锂电池自放电检测技术的研究与应用
发布时间:2018-07-05 05:11
本文选题:锂离子电池 + 自放电 ; 参考:《哈尔滨理工大学》2014年硕士论文
【摘要】:随着全球能源紧缺的加剧,新能源产业悄然兴起,具有较好应用前景的二次电池技术被争相研究。锂离子电池因其本身无污染、比能量高、循环寿命长等特性被广泛应用在各种仪表和电动汽车上作为能源系统。而锂电池自放电现象的存在不仅造成电池本身能量的损失,还会因各电池间自放电的不一致性导致锂电池组寿命减少,容量迅速衰减,引起电池管理系统(BMS)对电池荷电状态(SOC)的预测出现较大误差,电动车控制策略失效,致使电动车电池系统出现过放电的情况。
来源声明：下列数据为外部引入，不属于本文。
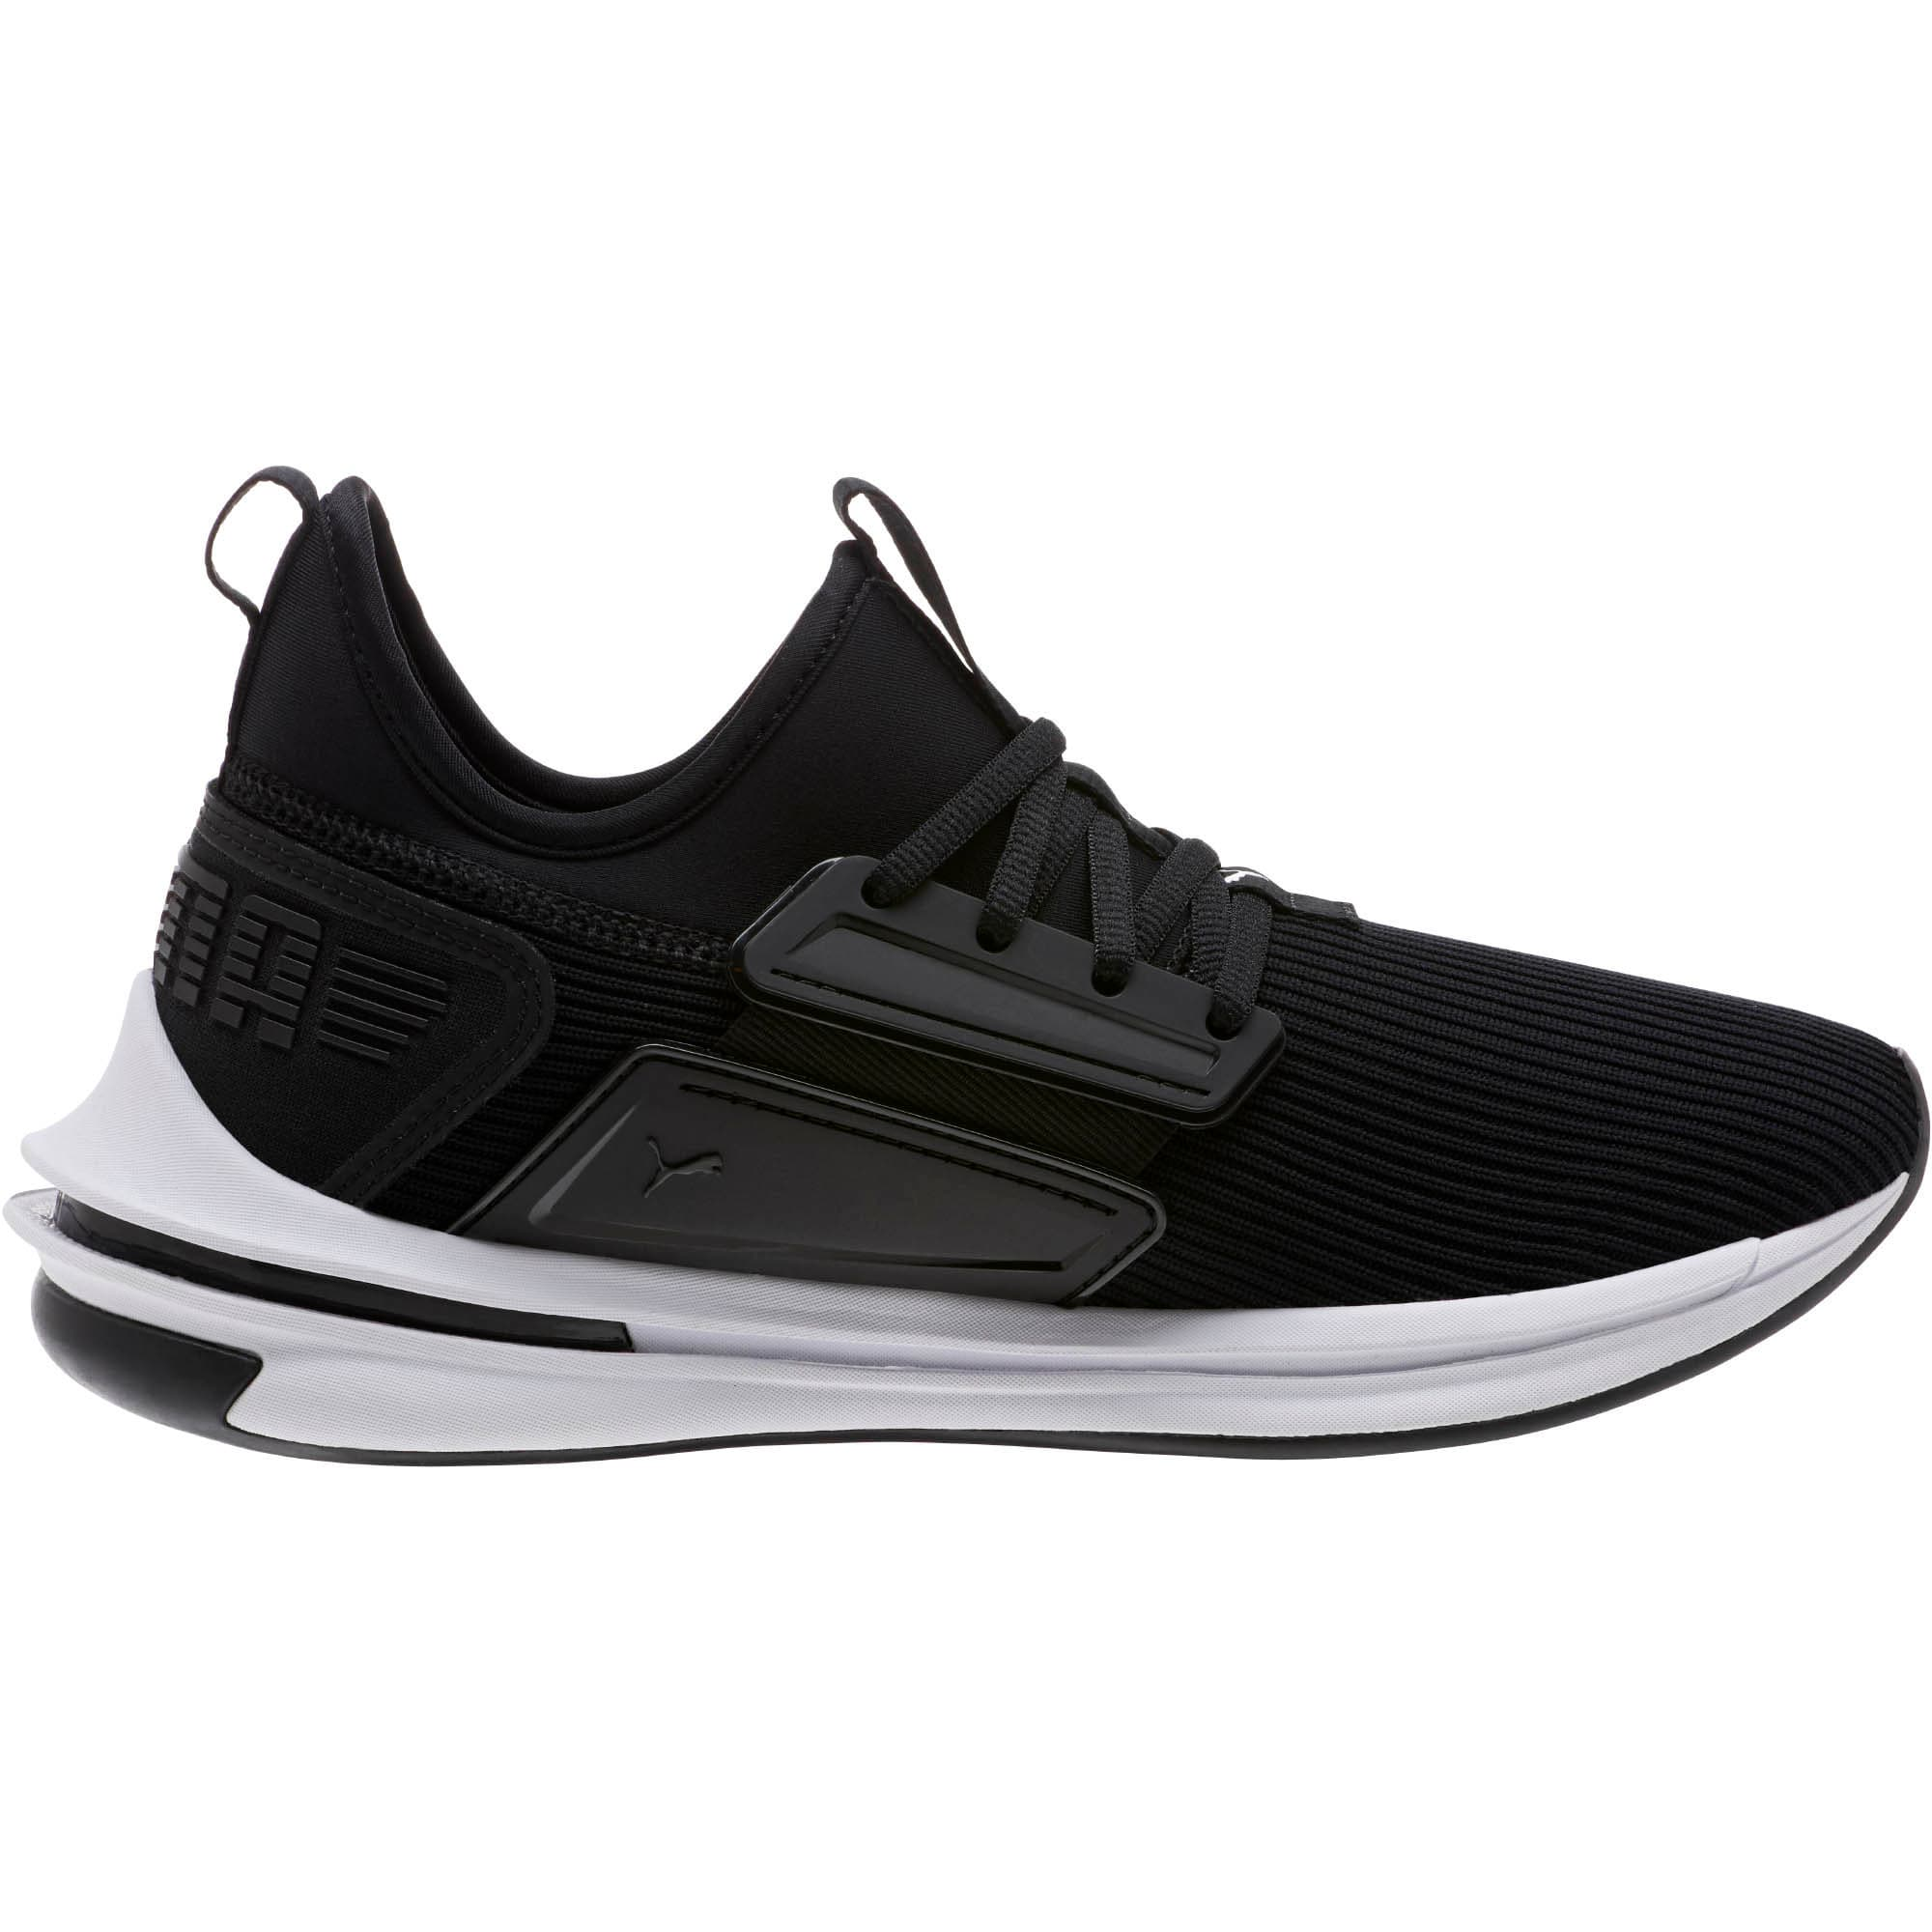 Thumbnail 3 of IGNITE Limitless Women's Running Shoes, Puma Black, medium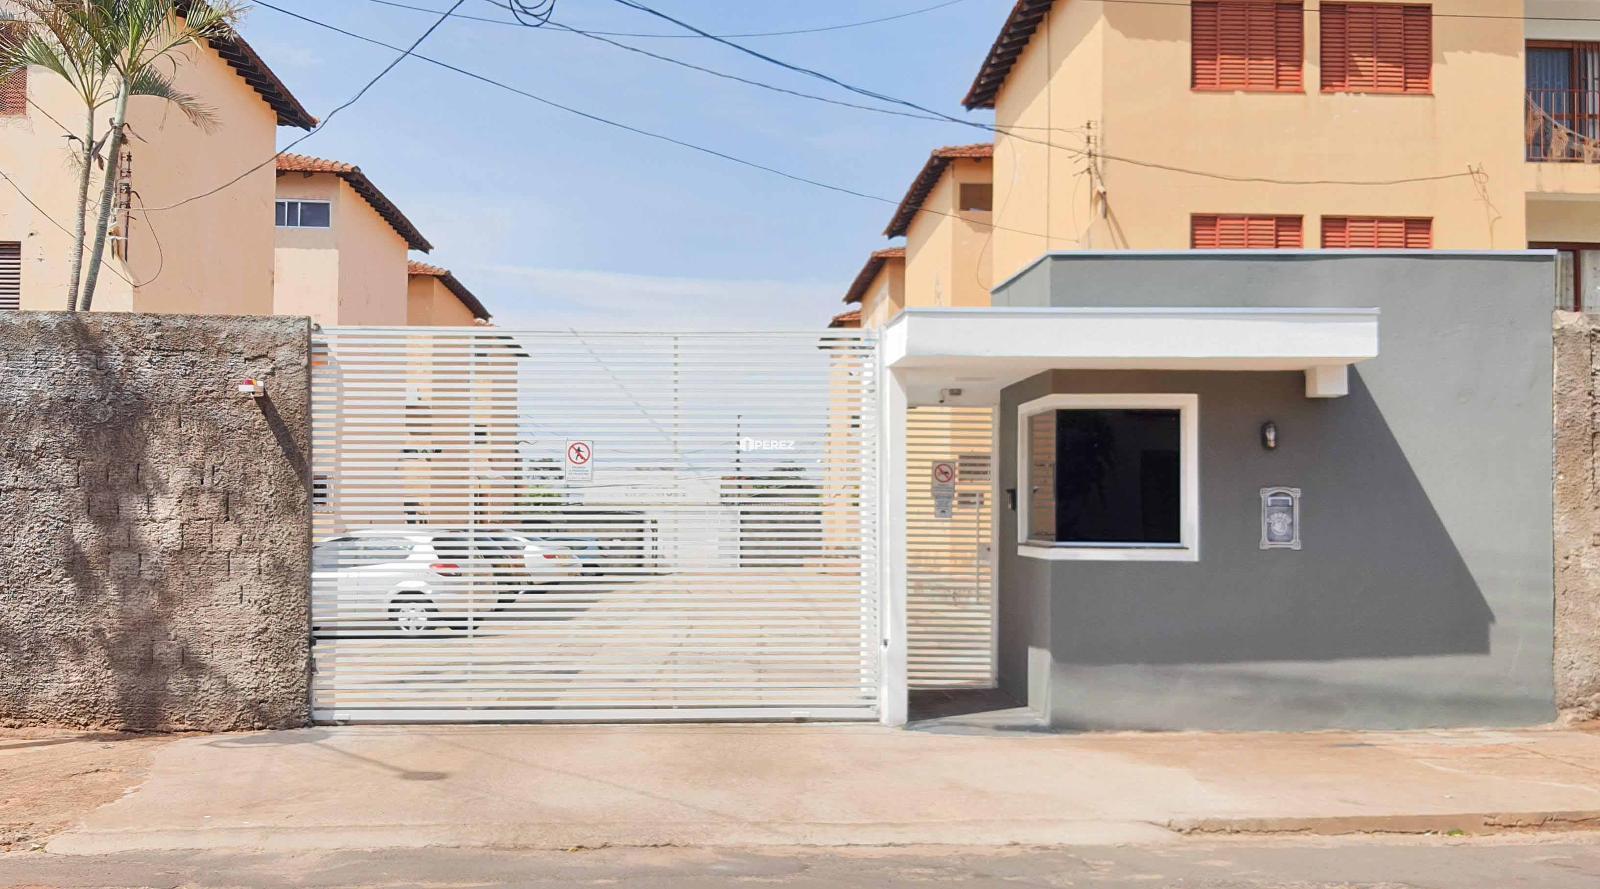 aluguel-campo-grande-ms-apartamento-avenida-bandeirantes-guanandi-perez-imoveis

因此,对电池自放电的快速测量具有重要意义。 由于自放电发生在电池内部,现有测量手段不能对其直接检测,这就使电池的自放电检测难度变大。依据自放电定义,通过长时间的开路搁置可以实现对电池自放电的检测,不过时间周期过长,且不能体现快速性和实时性,同时常规方法也不能实现对自放电的精确测量。基于上述问题,本文以间接测量作为指导思想,设计自放电检测系统,以实现对电池自放电的快速、精确测量。系统采用数字控制技术,,以MSP430F149单片机为核心控制器,控制DAC1220D/A转换器输出高精度的电压,作为检测电路的基准电压,最终得到该电压时电池的自放电电流。并设计了开路搁置实验和自放电检测系统测量实验,通过实验结果对比,验证本系统具有对于自放电测量的可靠性、精确性和快速性。 在此基础上本文进一步研究了自放电对电池SOC预测的影响,通过建立自放电流Map模型,实现了自放电电流对基于扩展卡尔曼滤波(EKF)算法的电池SOC估算初值的修正。设计模拟工况实验,验证了该修正方法可以提高EKF估算电池SOC的准确度,进而能够改善BMS预测电池SOC的精度。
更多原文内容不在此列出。